Isn't it always the way? The small guy always gets screwed. Amazon wants us to sell our books for pennies and now Google want us to give our home addresses away to anybody who fancies sending me crap for all the crap I've done in the past. I really don't want to spend the next few years, tearing up UKIP newsletters because some clever sod thought it would be funny to send them my name and address.
I'm so desperate that I woke up with the idea of publishing a book on Amazon that I've had written/illustrated for months but will now never see the light of day. I might as well publish it before it becomes completely outdated. Earning pennies is surely better than earning nothing. Or is that how all saps think? I don't know. The whole thing is so damn confusing. Yesterday, I was visited by an engineer who came to install a new modem. His life seemed to much easier. He just spends his day installing modems and fixes TV installations and he earns what is euphemistically called a 'shit load'. At night, I guess, he drinks a lot. Everything about him said: heavy drinker.
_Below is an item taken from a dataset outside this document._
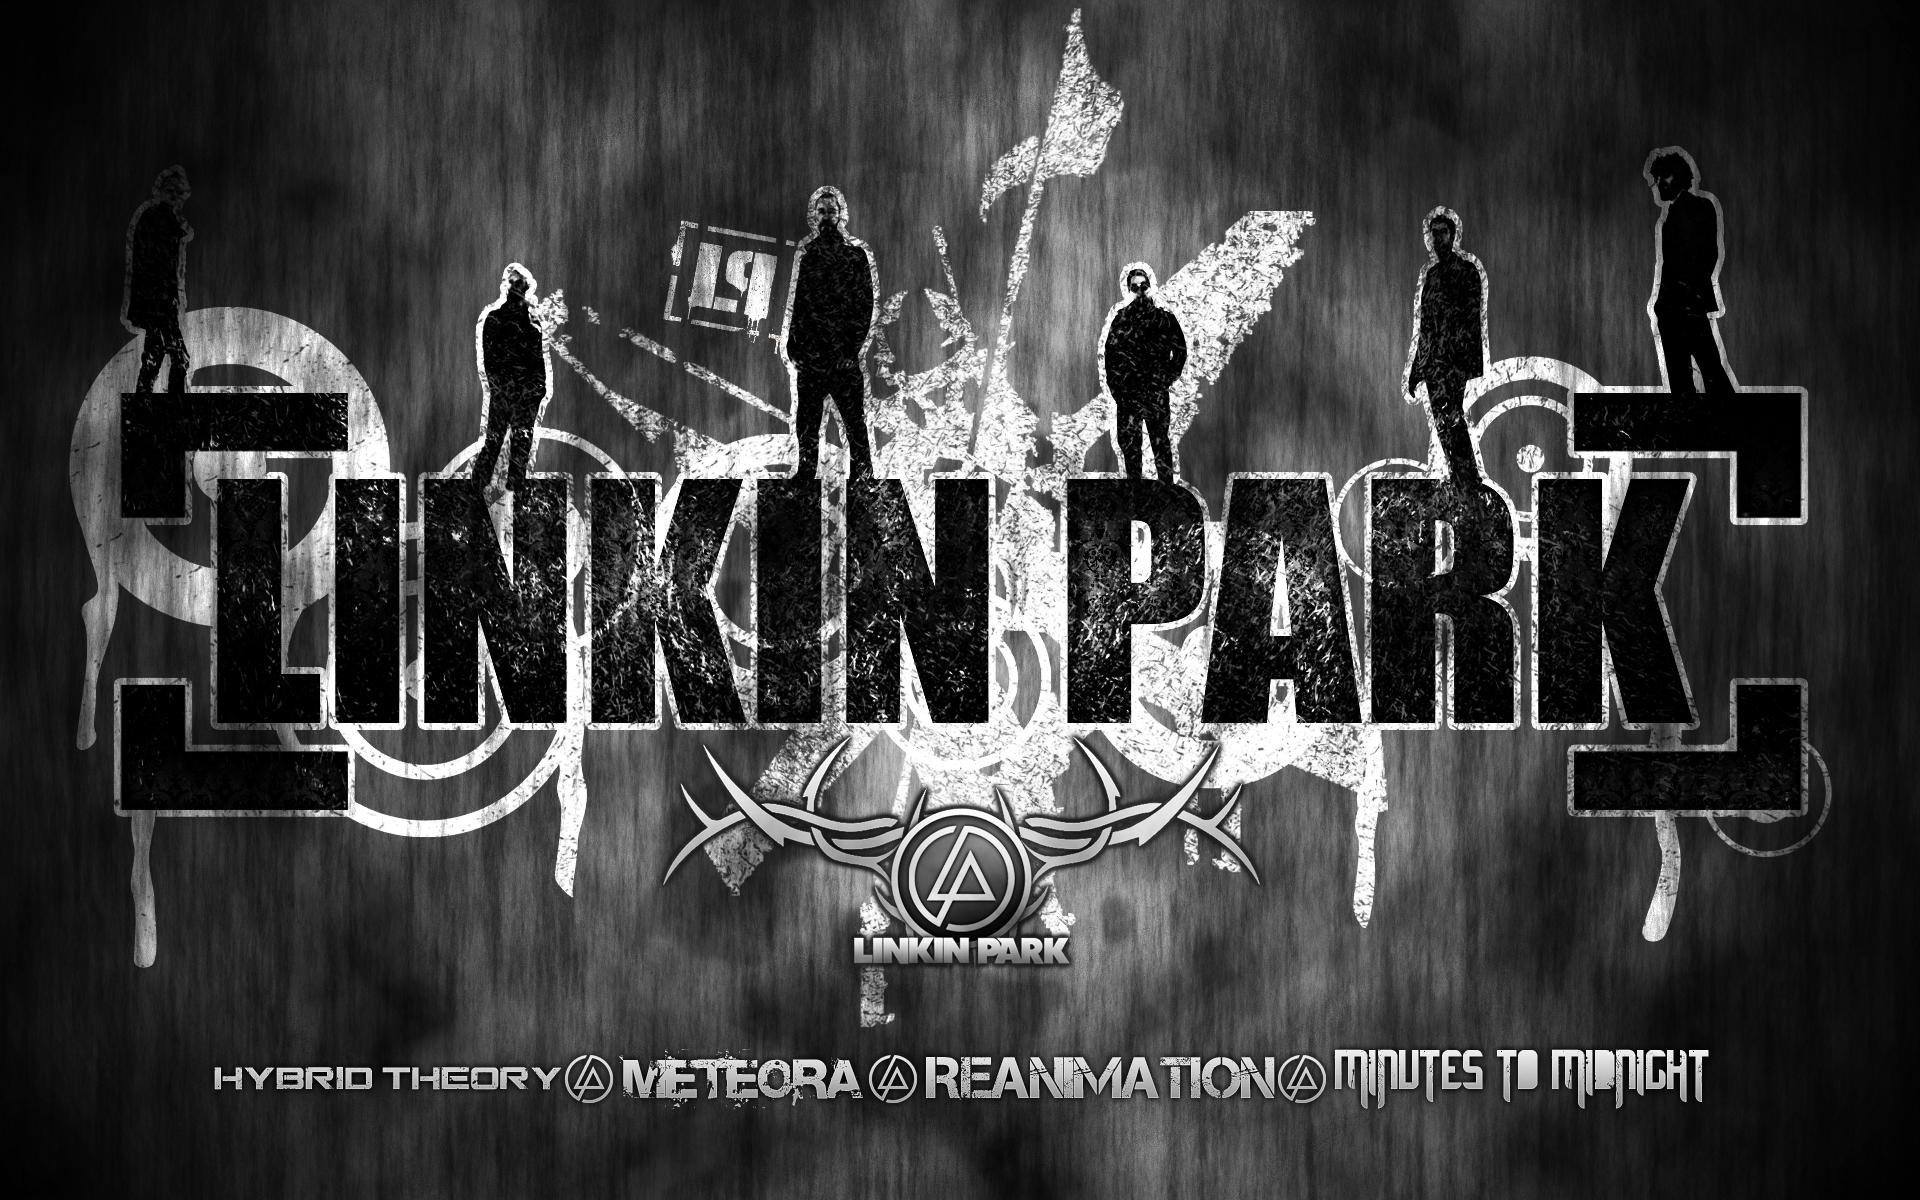 Linkin Park Wallpaper 1920x1200 43584

I guess I should have got into that game a long time ago. Then I might not now be looking at a life that I've utterly ruined by trying to be different. Some days if feels like I can do so much and have so many skills yet I know that as soon as I walk into a job centre they'd reduce me down to a big fat zero. They say all artists suffer for their art and that's great except I don't think of myself as an artist. Artists are those cool guys and girls with talent. I'm just me, creating the stuff that makes me extremely happy to create. At the time and moment I write this, it feels like the rest of the world looks my way and mutters 'what a complete shmuck'.